━━ Supplied data ━━

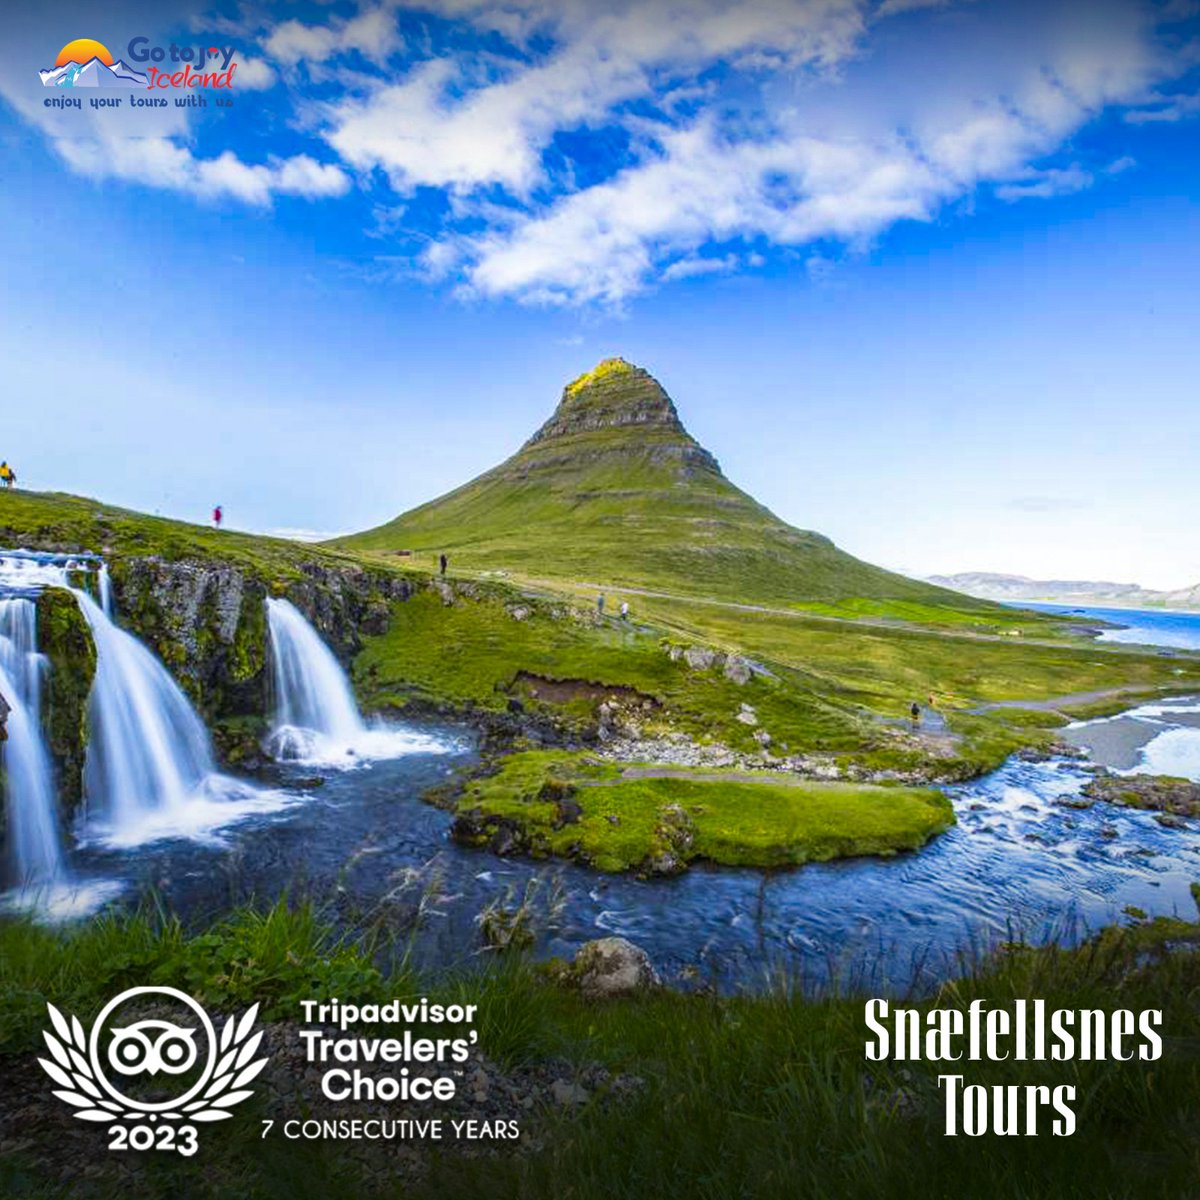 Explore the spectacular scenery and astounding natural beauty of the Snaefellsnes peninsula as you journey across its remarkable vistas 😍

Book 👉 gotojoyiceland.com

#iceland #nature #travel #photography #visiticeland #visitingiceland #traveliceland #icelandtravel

━━━

* **What the exercise asks**: Your task is an exact transcription of all the data, minus the pictures.

* **Exercise response**:
 Explore the spectacular scenery and astounding natural beauty of the Snaefellsnes peninsula as you journey across its remarkable vistas 😍

Book 👉 gotojoyiceland.com

#iceland #nature #travel #photography #visiticeland #visitingiceland #traveliceland #icelandtravel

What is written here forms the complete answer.